→ Aim of the task: Apart from the pictures, every line below is to be set down exactly.

→ Dataset section:
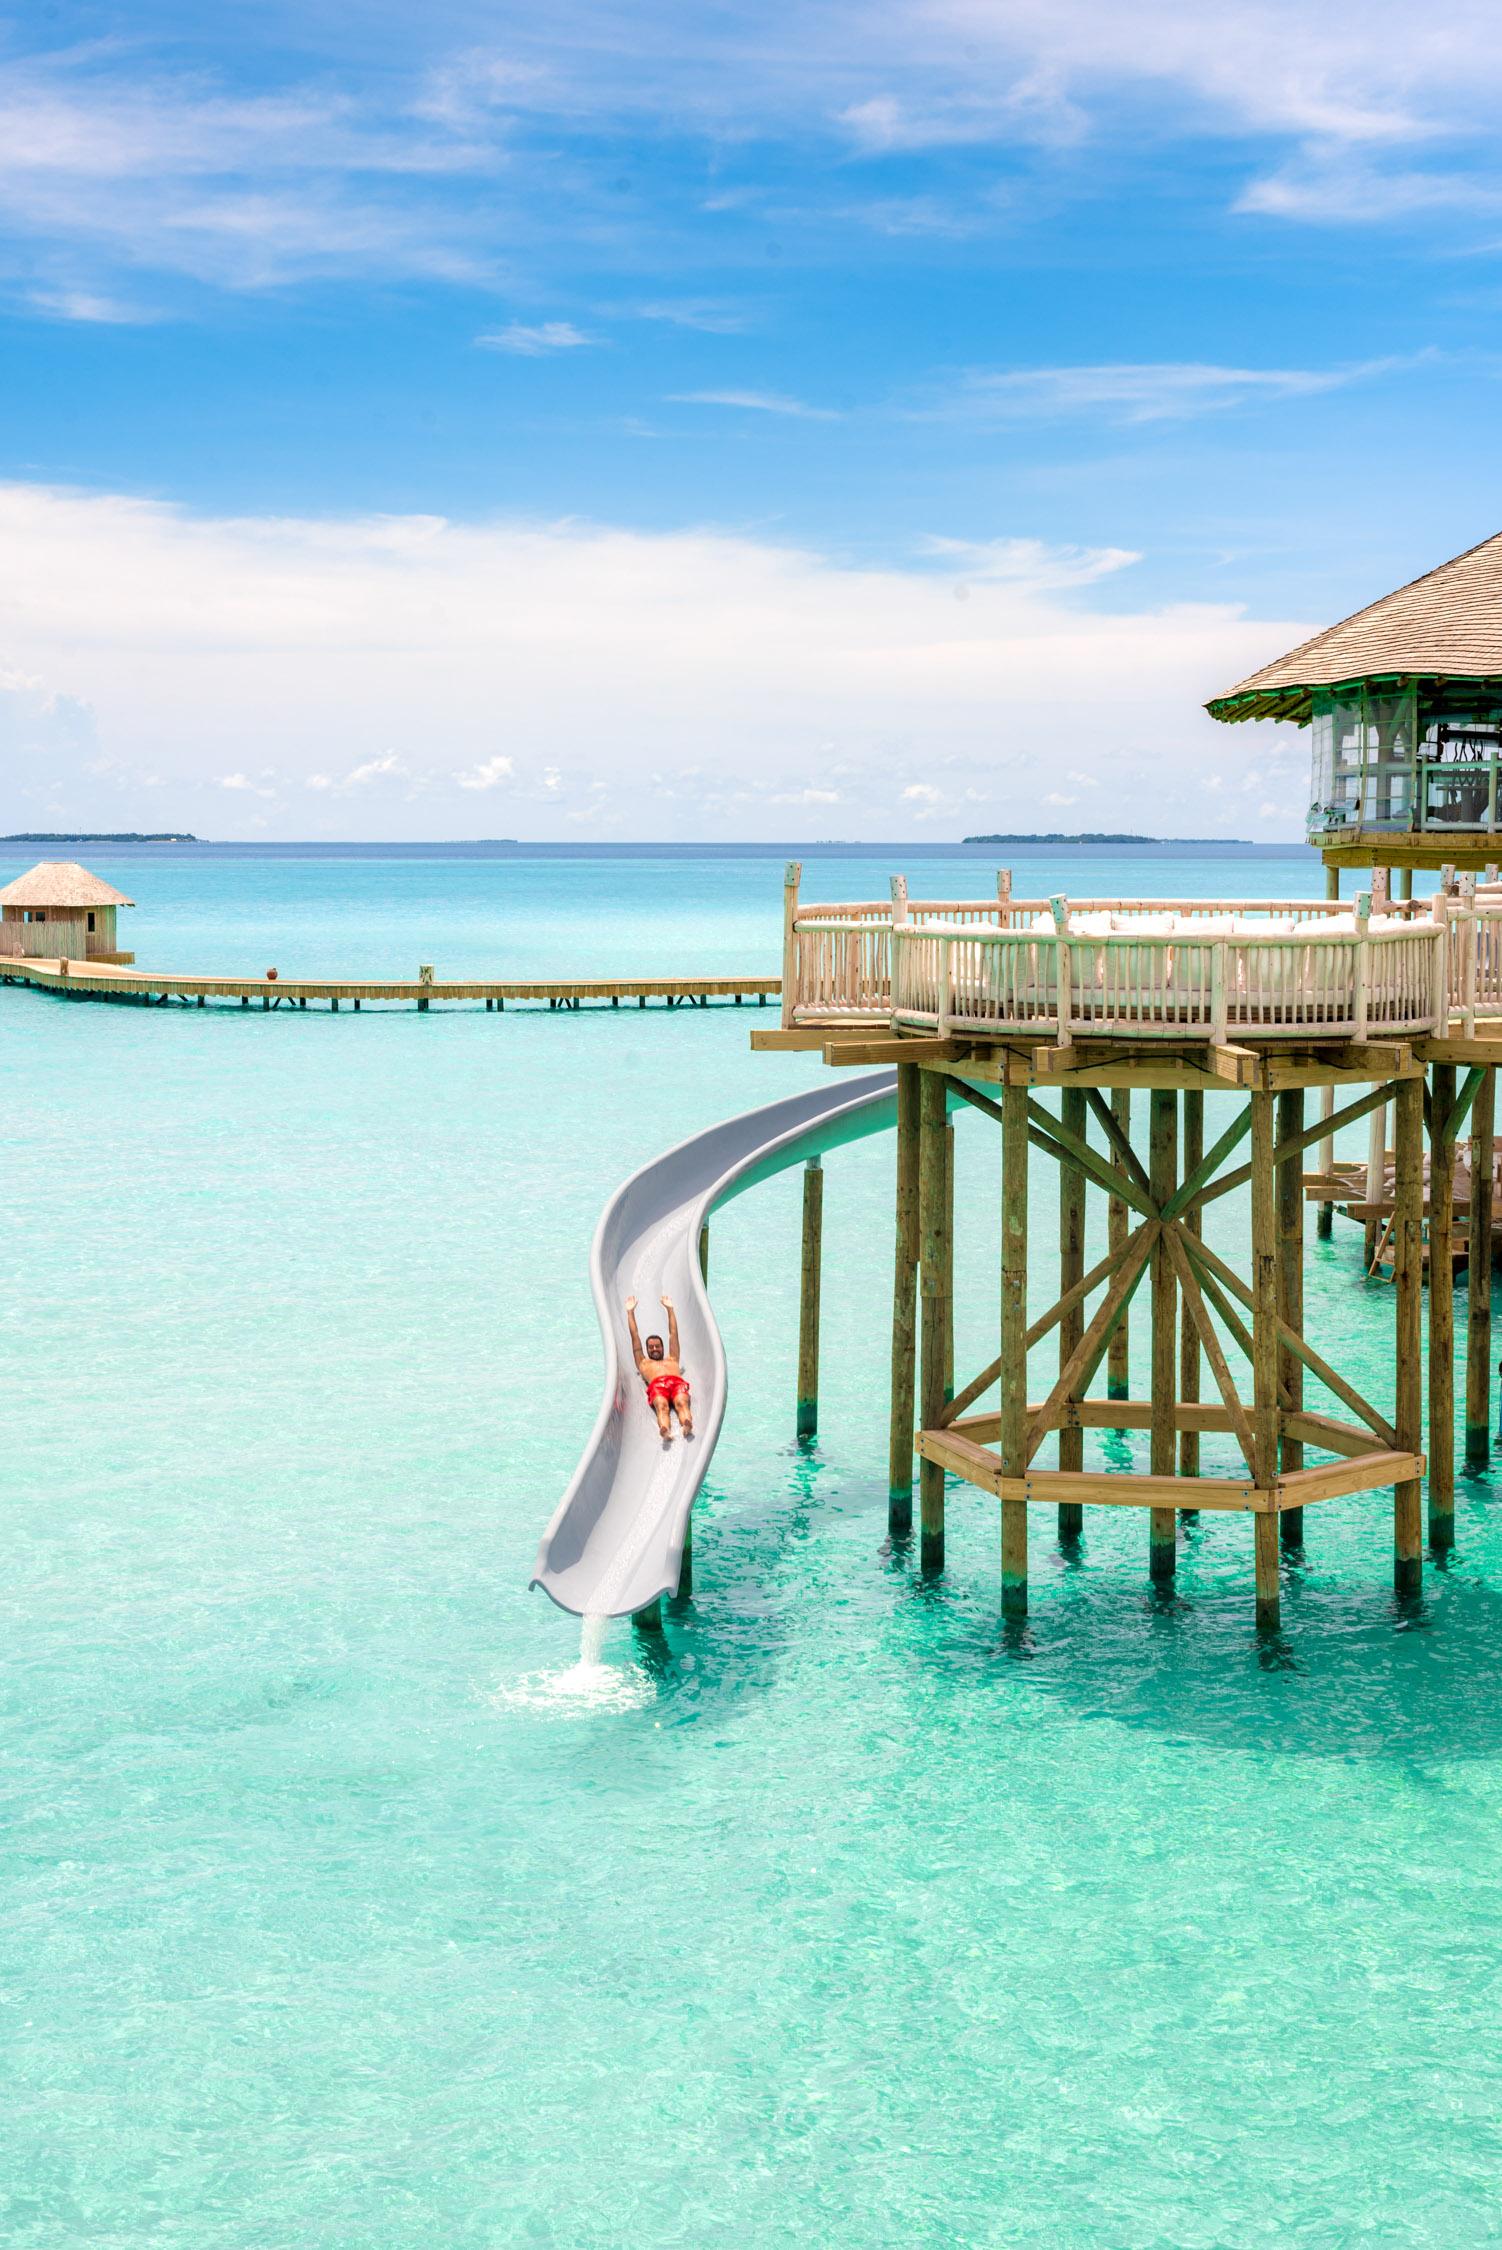 Maldives_Soneva-Jani-176-20170513.jpg
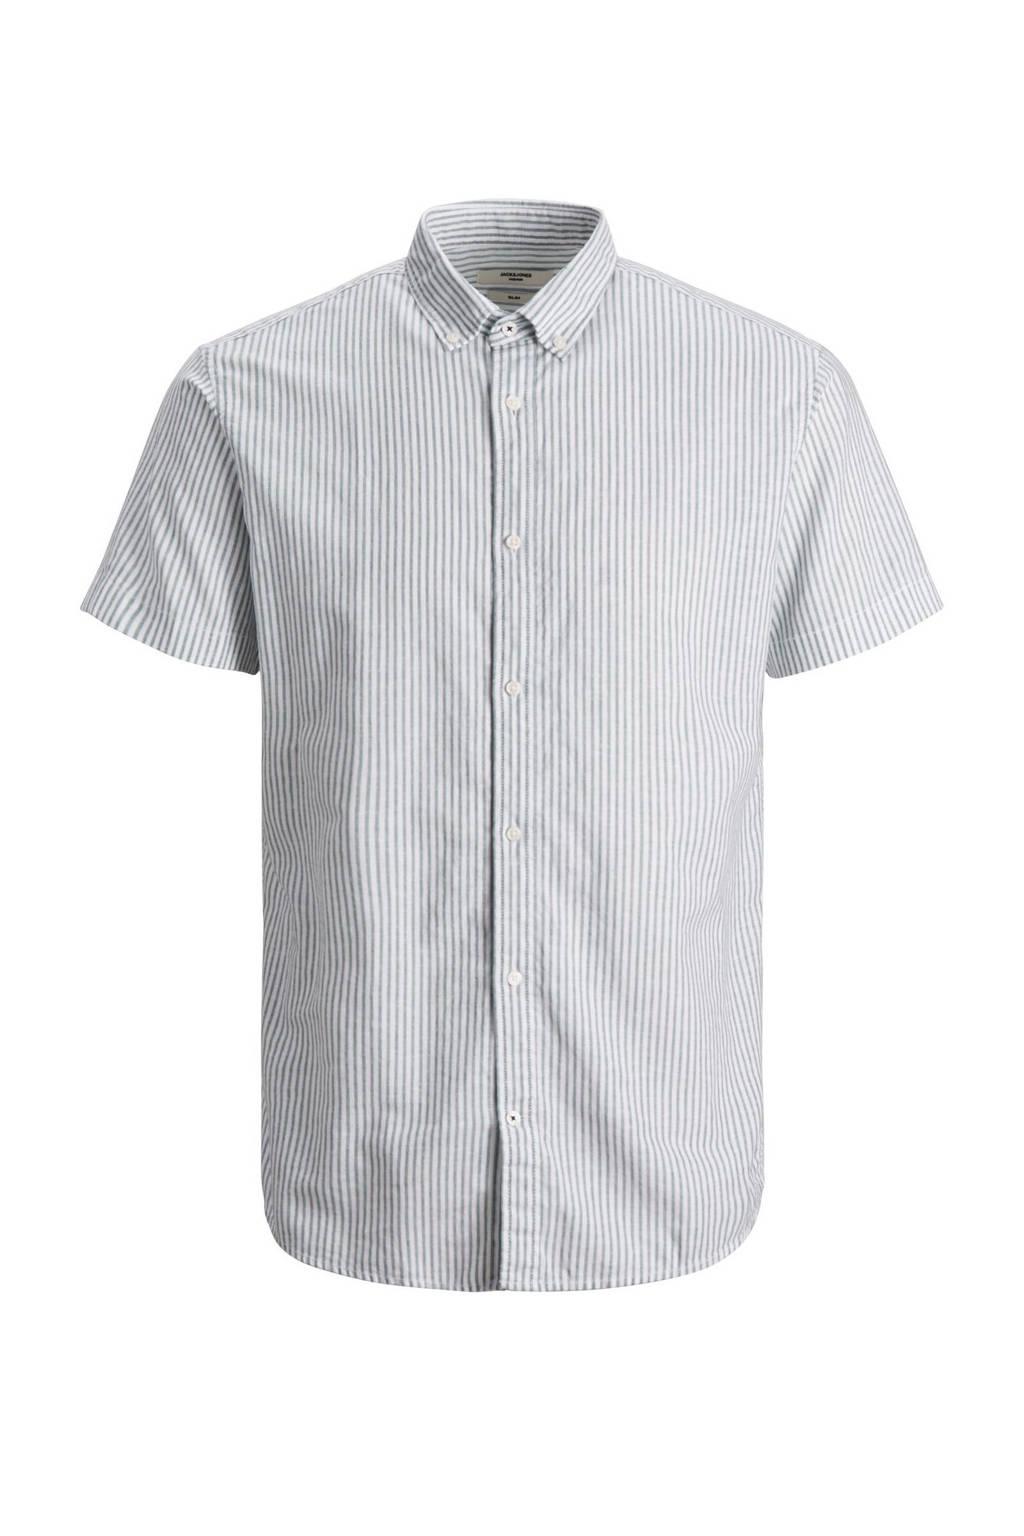 JACK & JONES PLUS SIZE gestreept regular fit overhemd Plus Size grijs, Grijs
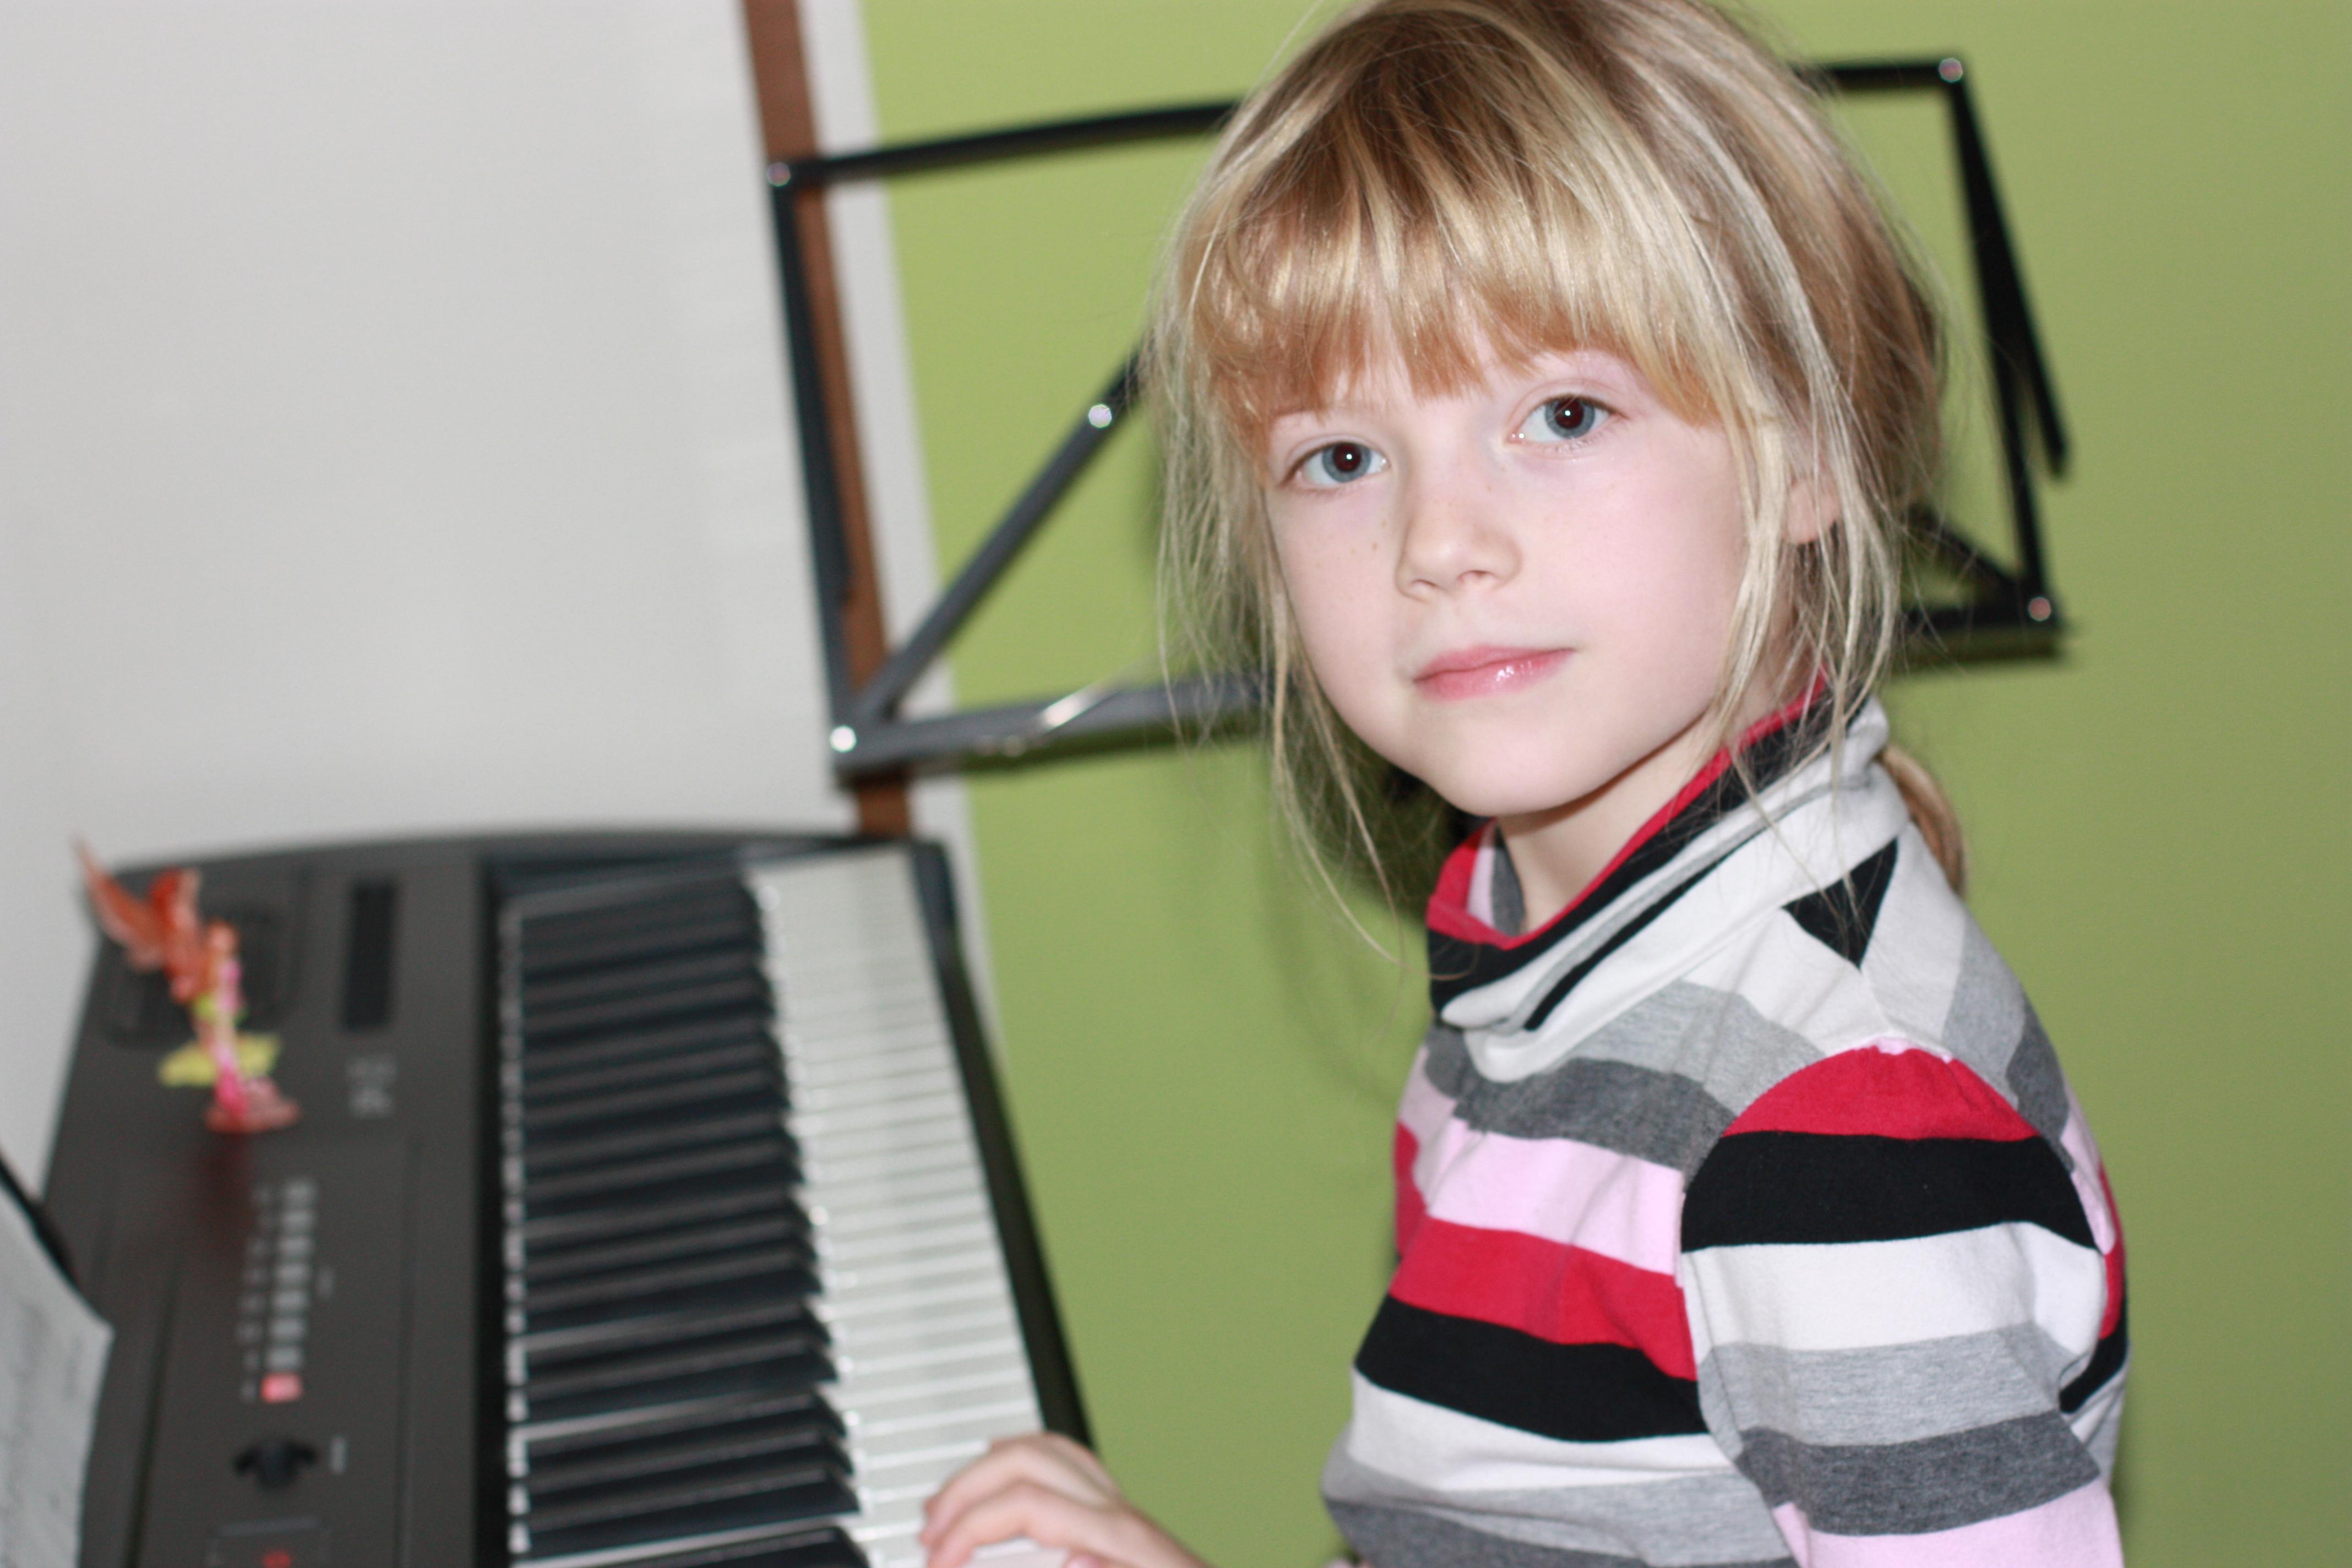 gibt es irgendeine m glichkeit online klavier spielen zu lernen oder kennt jemand eine. Black Bedroom Furniture Sets. Home Design Ideas

→ Result for this exercise:
 Maldives_Soneva-Jani-176-20170513.jpg
 JACK & JONES PLUS SIZE gestreept regular fit overhemd Plus Size grijs, Grijs
 gibt es irgendeine m glichkeit online klavier spielen zu lernen oder kennt jemand eine. Black Bedroom Furniture Sets. Home Design Ideas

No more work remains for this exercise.